2. Auto dealerships can manage fleets. Today, much of a dealership’s revenue derives from authorized repairs to customers’ vehicles. At first, it may seem that the need for repair services will decline as fewer people purchase personal cars. However, utilization on shared cars will be 3 to 10 fold that on a consumer vehicle (or more!). Without drivers to keep up their own ridesharing cars, carsharing service providers will need to manage and maintain their own fleet of vehicles. Dealership are very well positioned to pivot from maintaining privately-owned vehicles to the upkeep of autonomous fleets, preserving their service department and its revenue stream.
3. Auto dealerships have an inventory of vehicles waiting to be sold that can be rented. Dealerships have an inventory of vehicles that sit idle most of the time. Put into service, these cars can be added to the mobility fleet and make money for the dealership. This is not a foreign concept for dealerships, as authorized dealers have long embraced offering vehicles-as-a-service through leasing programs. There’s not much difference from committing to rent a vehicle for a few years through a lease rather than by the minute or mile through a carsharing or ridesharing program.
For a dealership to adopt this business model, wireless telematics hardware will be needed to allow customers to locate the vehicles and lock or unlock the cars via a smartphone. As these aftermarket boxes and the corresponding wireless connectivity come down in price, there is a low barrier to entry to prep vehicles for a carsharing fleet.
Each fleet vehicle has the potential to earn more than $100 each day, which offers more earning potential compared to rental cars or the few hundred dollars a month for leasing the car to one private individual.
4. Auto dealerships can partner with automotive original equipment makers.
Dealerships could partner with OEMs. Using a platform like RideCell would allow the OEMs to provide business and manufacturing expertise and a national or international mobility brand. Dealerships would provide local expertise or operate the service for the OEMs like a franchise model where they share the risk and rewards.
5. The future is all about alliances.
When consumers travel, they seek continuity and seamlessness from their service providers. Alliance models, like the ones used by airlines, are key to offering this kind of easy experience.
With an alliance model built into their service, dealerships would be able to let their customers use mobility services from other dealerships in other cities, eliminating the need for the customer to discover and download each city’s dealer-operated mobility service.

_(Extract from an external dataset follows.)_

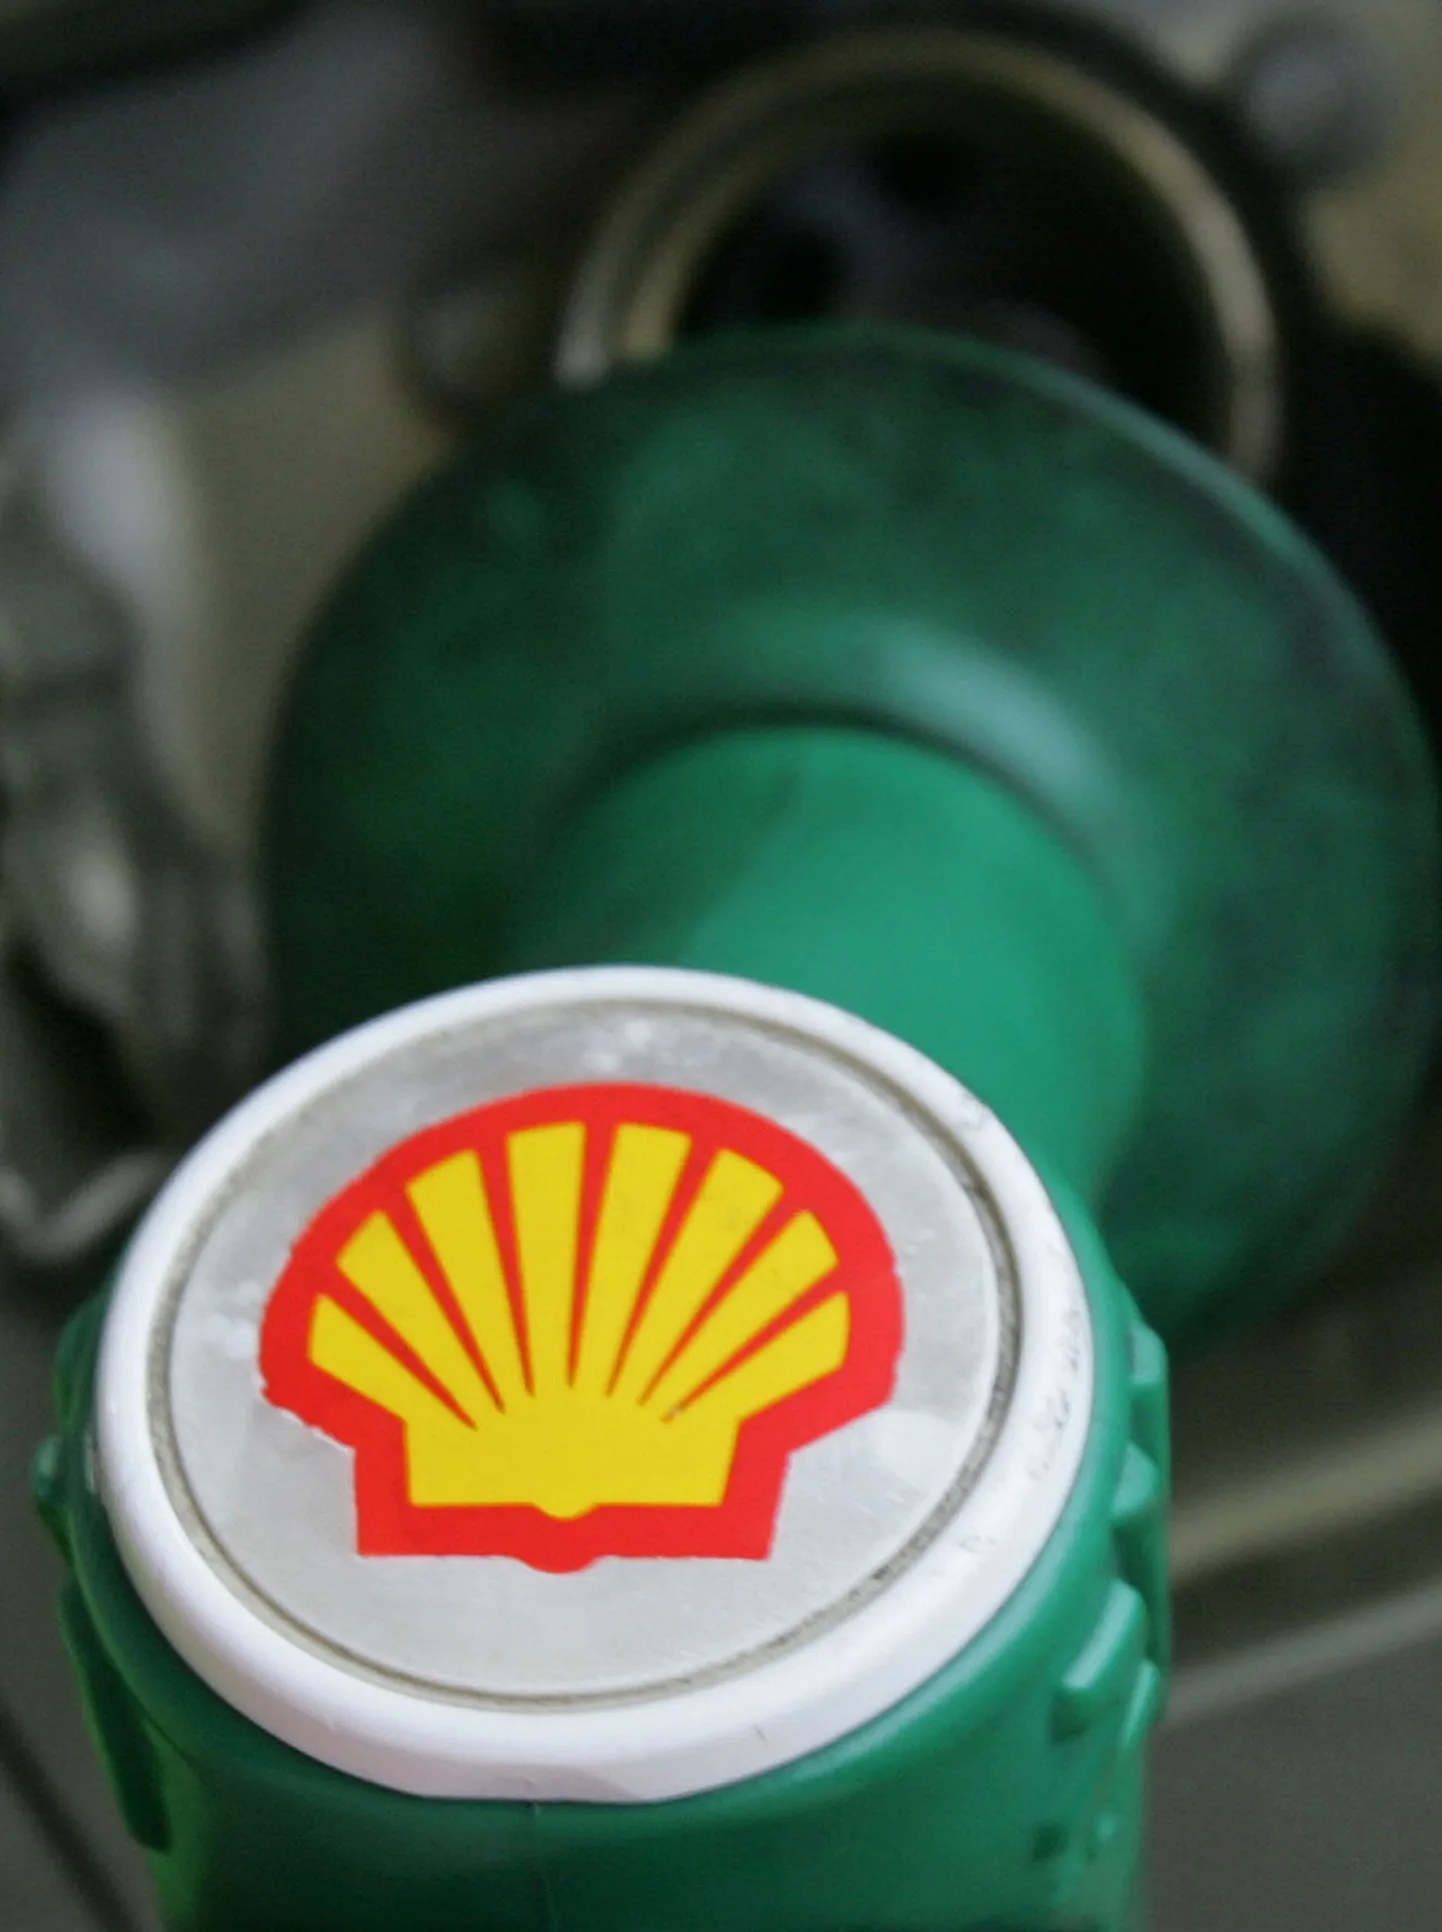 Nigeeria sissid ründasid Shelli naftatoru.

Within the same city, dealerships can also partner with other mobility providers. When a customer requests a car but the nearest car is a long walk or wait for the customer, the service would search for nearby cars from an alliance partner and quickly accommodate the request.
We are continuously presented with new opportunities to reap the rewards of the latest and greatest technology. Do we even remember life before the internet or our smartphones? Soon enough, we will recall personal vehicle ownership in the same way, and it will be up to dealerships to decide if they’ll come along for the ride.